Possible new T3-T5 mul_1

Tue Apr 2 05:32:04 CEST 2013

For the most critical functions, i.e., mul_1, addmul_1, submul_1, mul_2,
and addmul_2, we should not stick to 2-way unrolling.

I played with a 4-way unrolled mul_1, but not using your multi-pointer
trick, meaning that we will spend two cycles instead of one cycle for
bookkeeping.

Our current is stated as running at 3.8 c/l.  If this new code runs
ideally, it will be 3 c/l.  We need to watch out for small count speed
too.  Surely, this code will add some overhead compared to the old code.

If you could please run something like

  tune/speed -p10000000 -s1-1000 -f1.1 -C mpn_mul_1.3

for both the old code and this code, that would be great!
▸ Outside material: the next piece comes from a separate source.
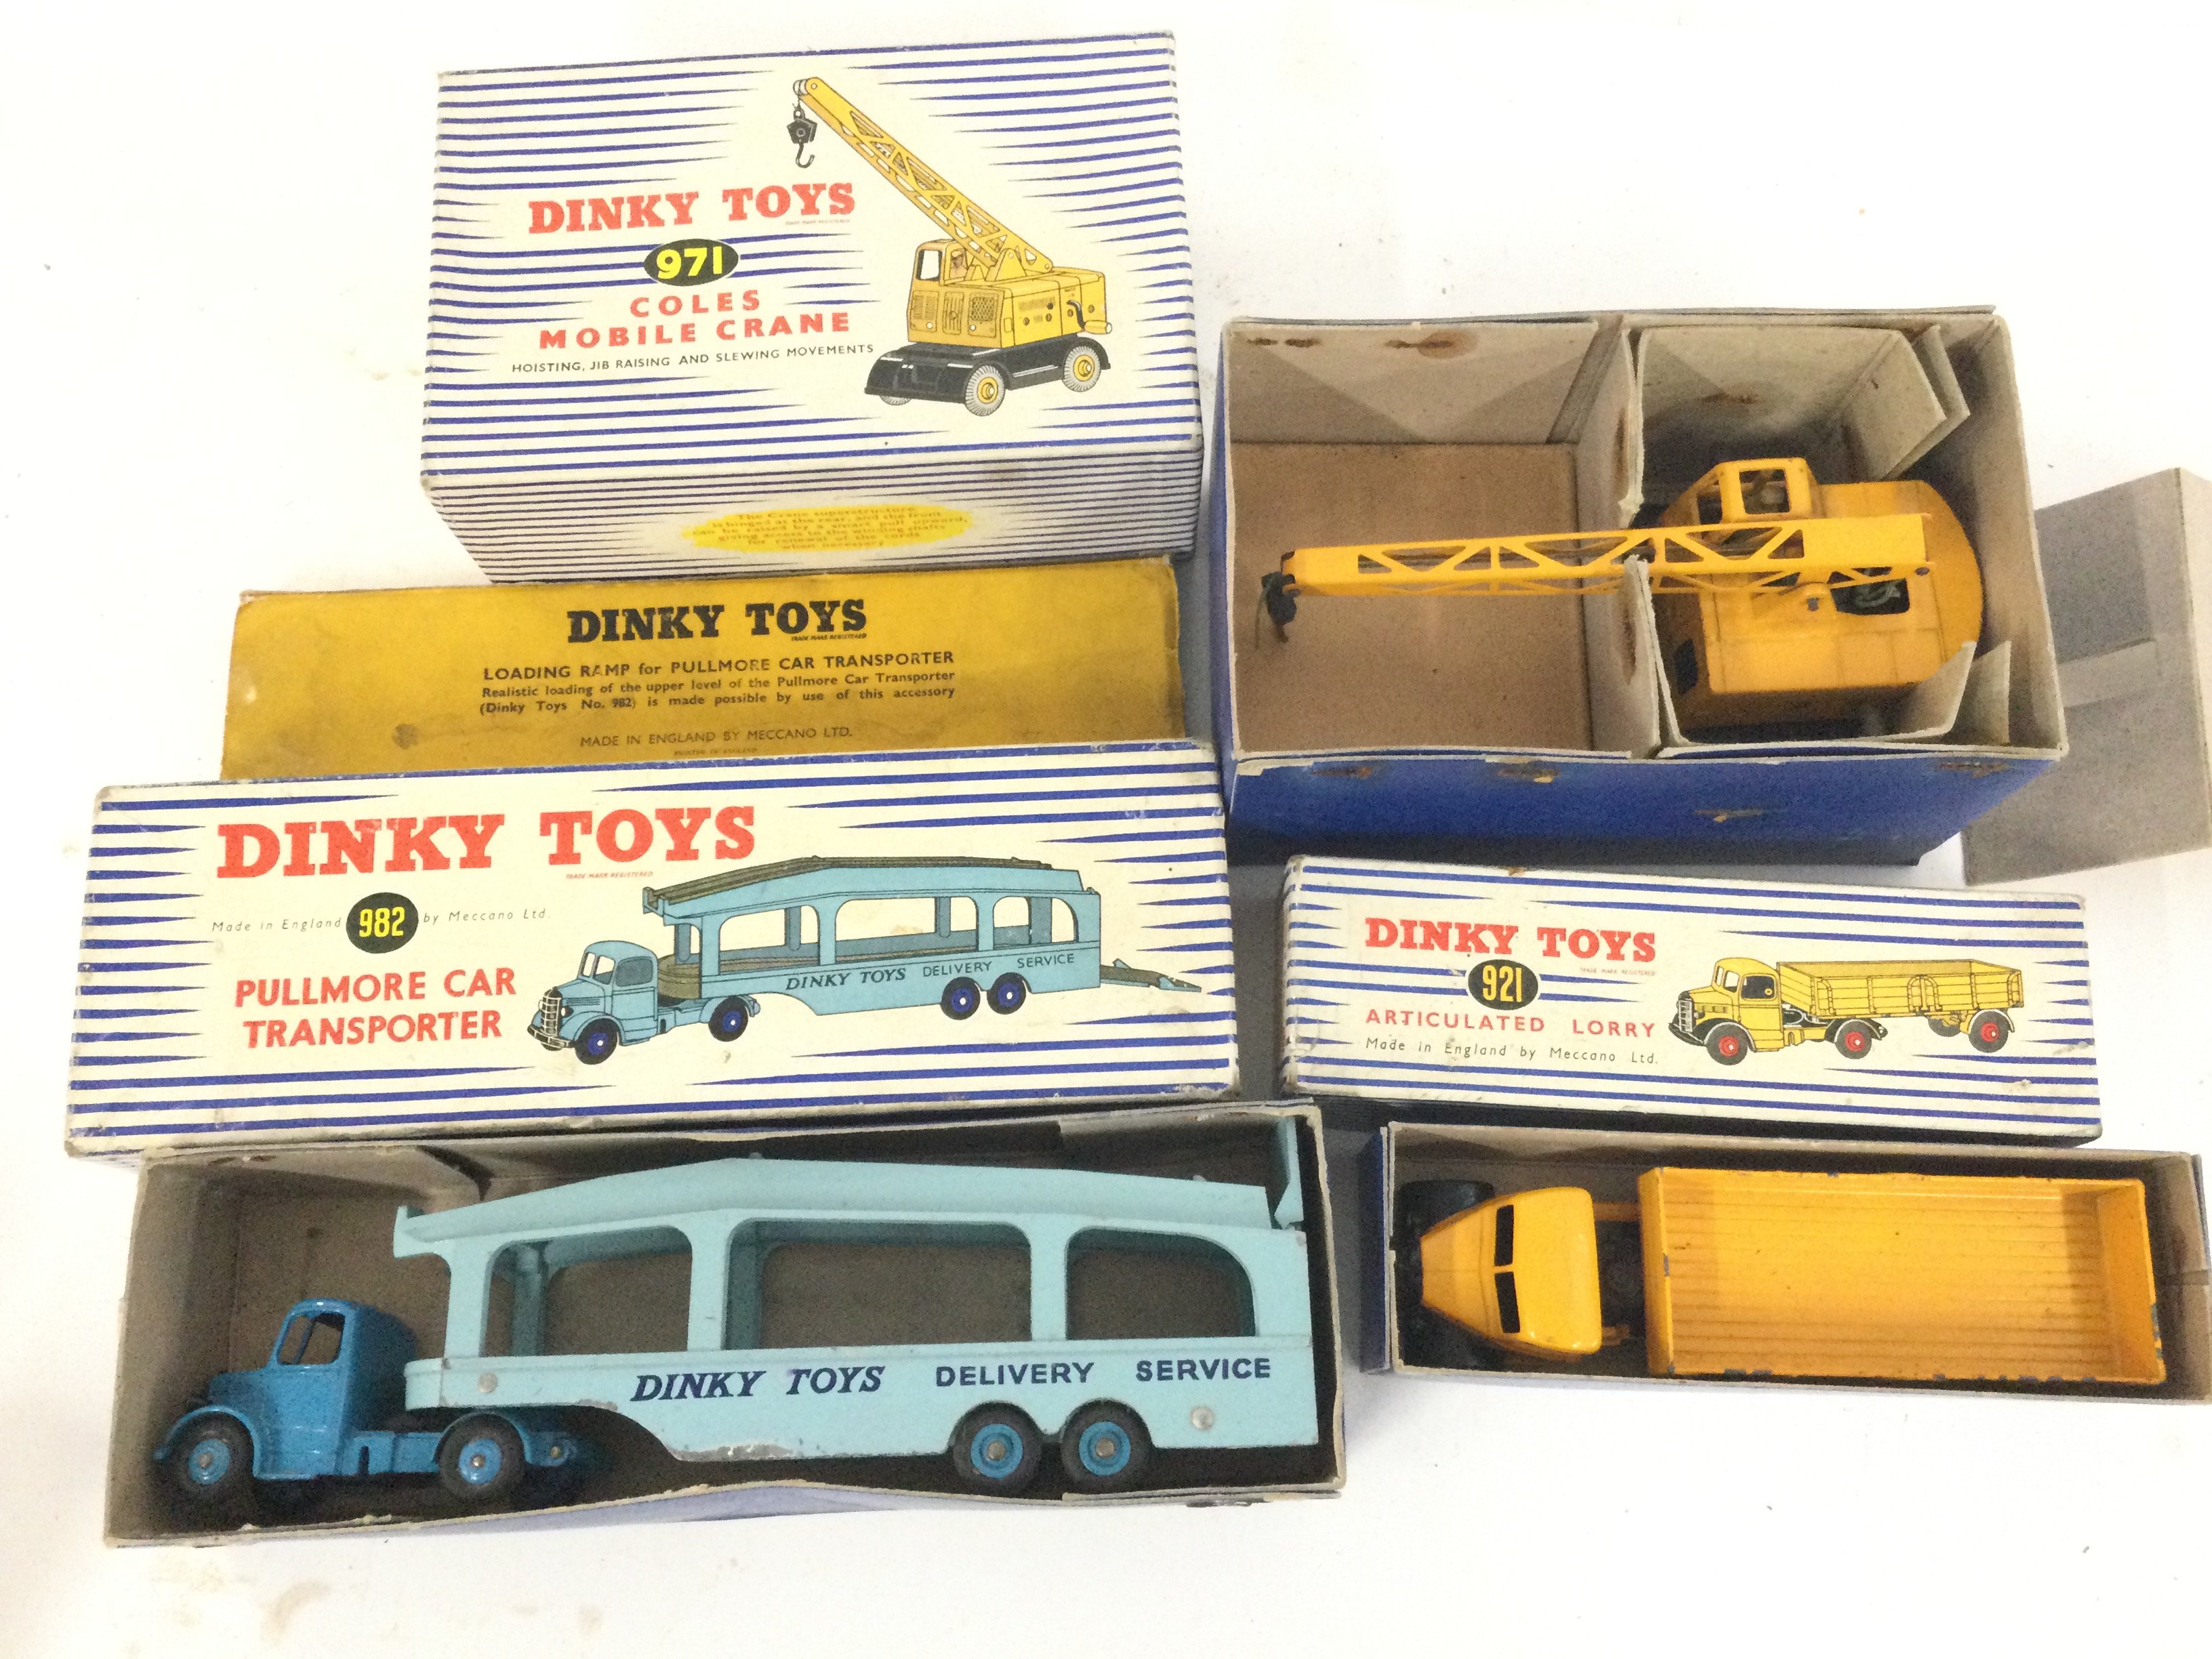 A Collection of Boxed Dinky Toys Including Pullmore Car Transporter. Coles Mobile Crane. Articulated - Bild 5 aus 5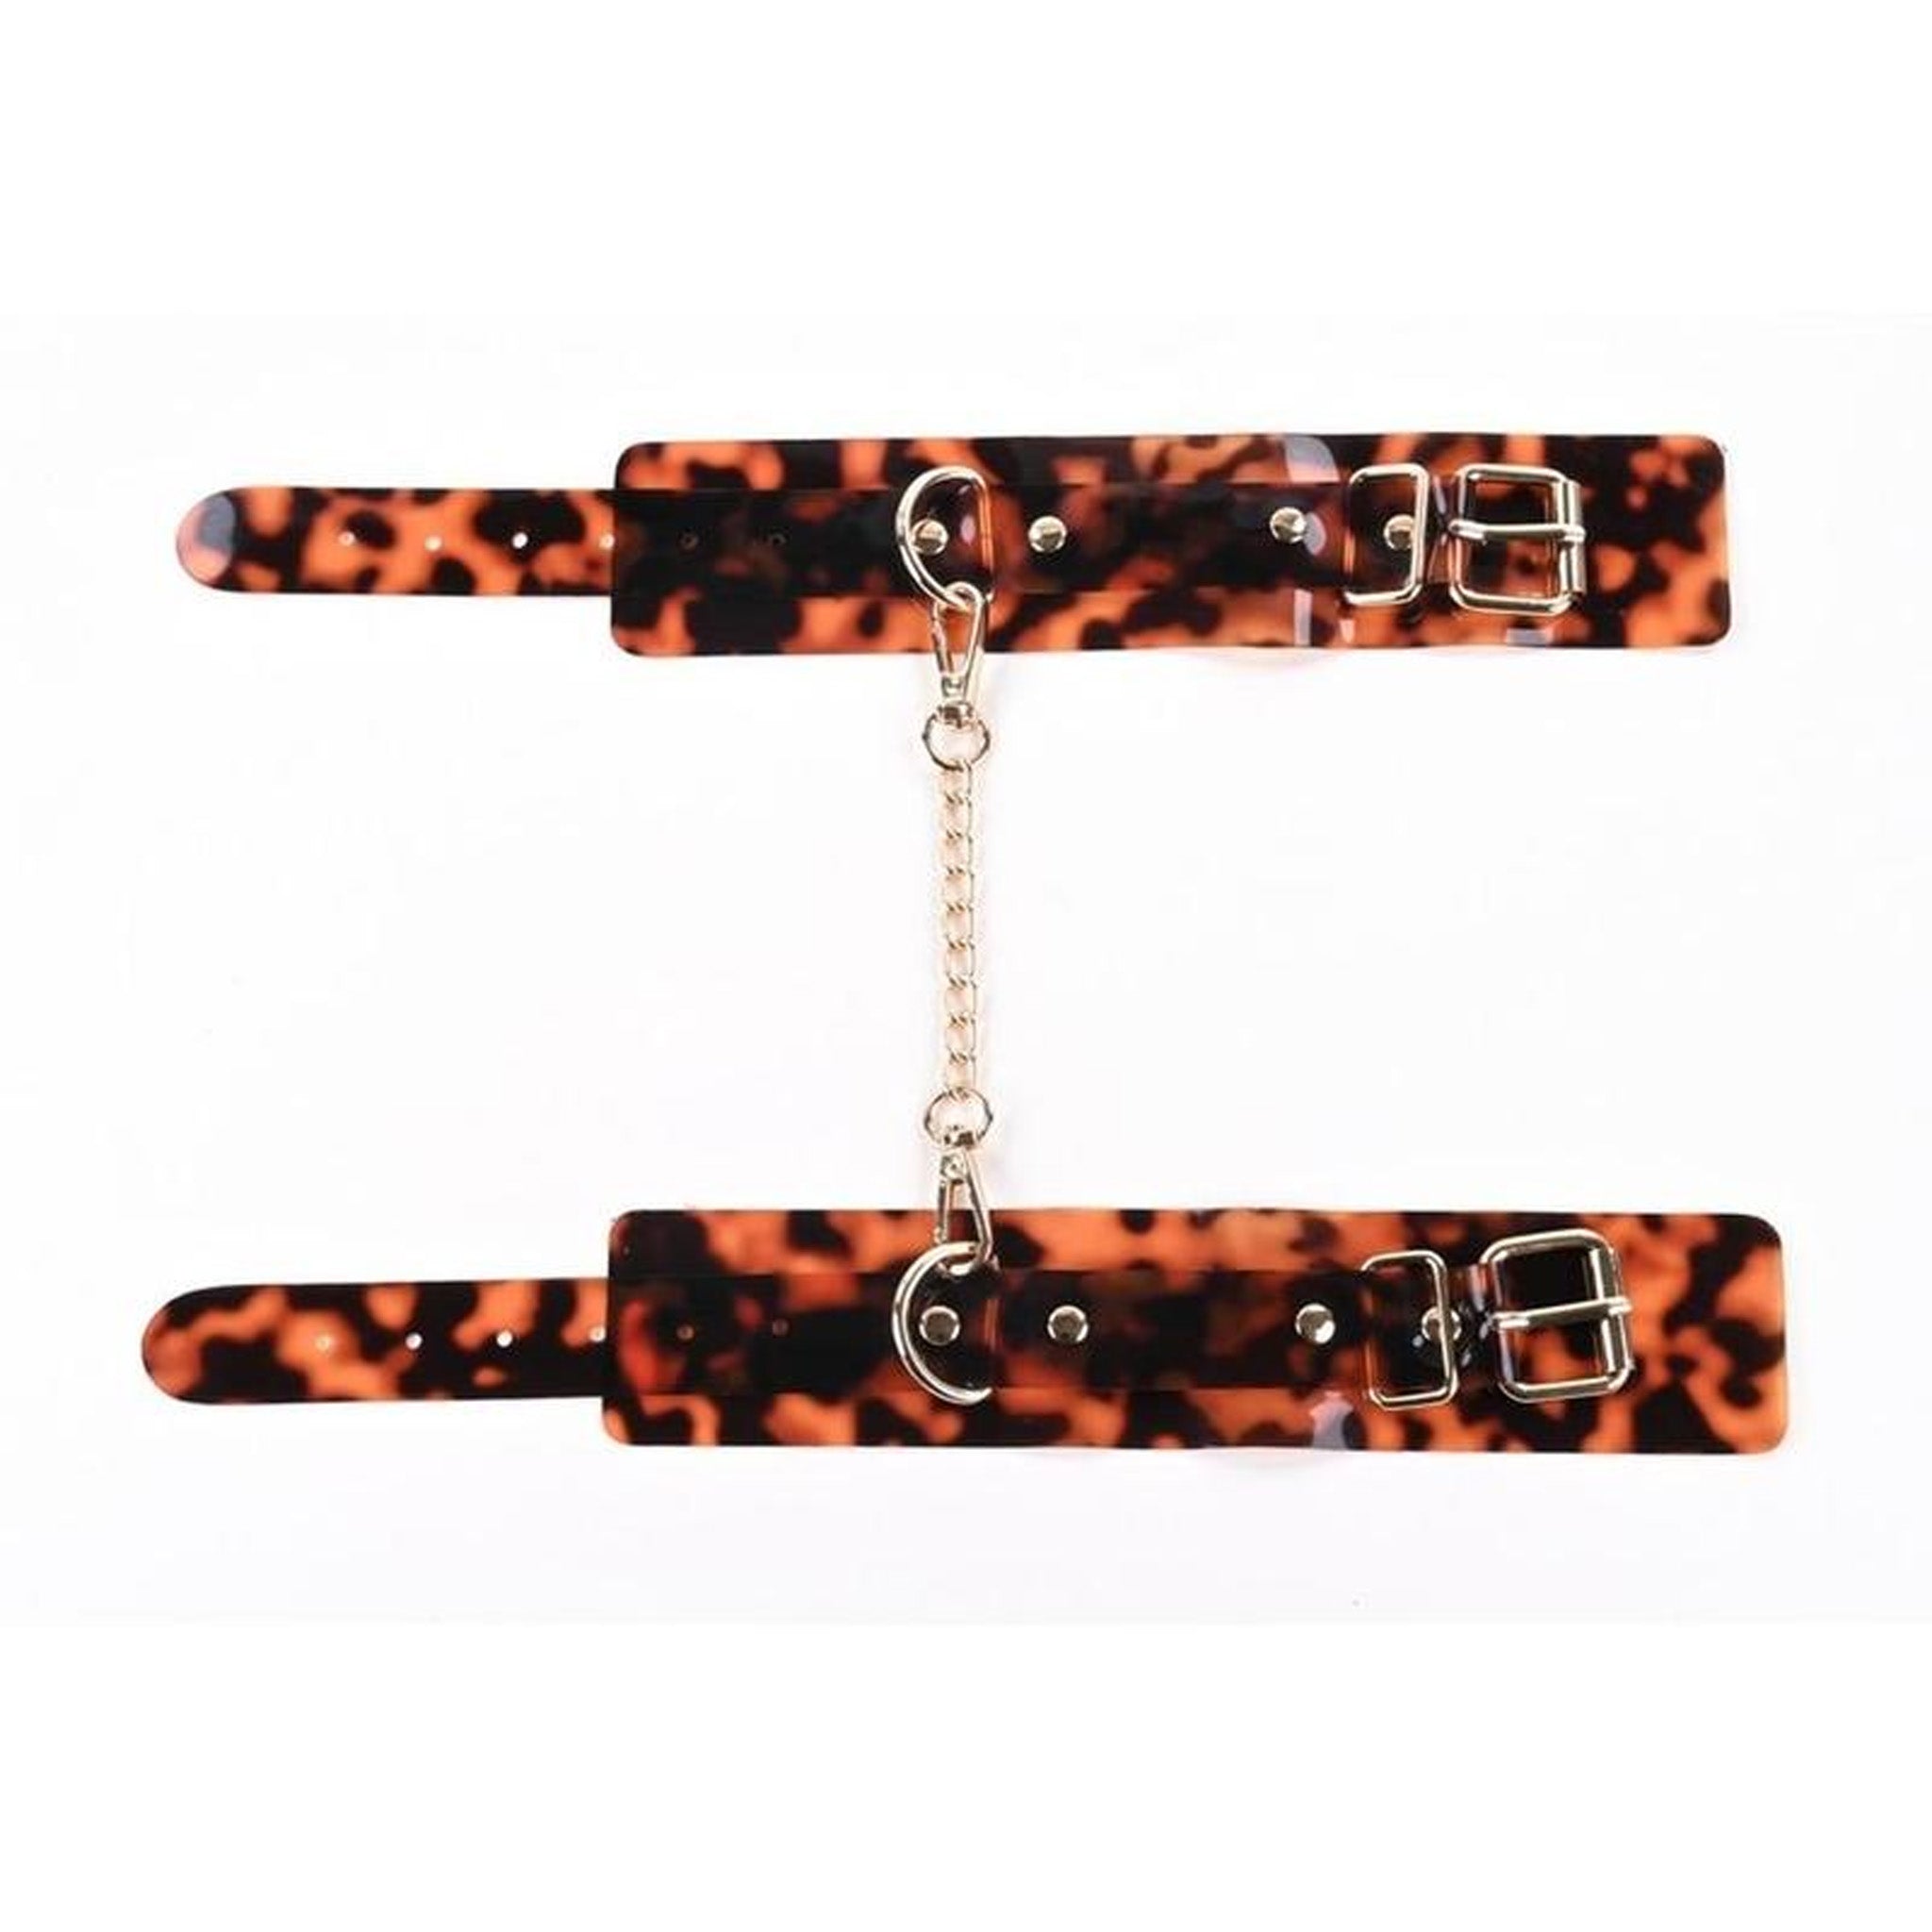 Animal Print PVC Wrist Cuffs with Gold Connecting Chain

-------------- next part --------------
A non-text attachment was scrubbed...
Name: sparc64-mul_1.asm
Type: application/octet-stream
Size: 3616 bytes
Desc: not available
URL: <http://gmplib.org/list-archives/gmp-devel/attachments/20130402/2ca2b0fa/attachment.obj>
-------------- next part --------------

The addmul_2 and mul_2 code takes several cycles more per iteration than
ideally.  I'll try to schedule mulx and umulxhi further from their
consumers, since that scheduling issue is the suspected prime stalling
reason.

In the end, I don't think addmul_2 should be the mul_basecase workworse
for T4/T5.  We should go to at least addmul_4, perhaps as far as
addmul_8.  We can generate such beats with a small program; I have such
code already for other architectures.

An ideal addmul_8 would run at 2.25 c/l, I think.  Damned be the zany
mpmul instruction!

-- 
Torbj?rn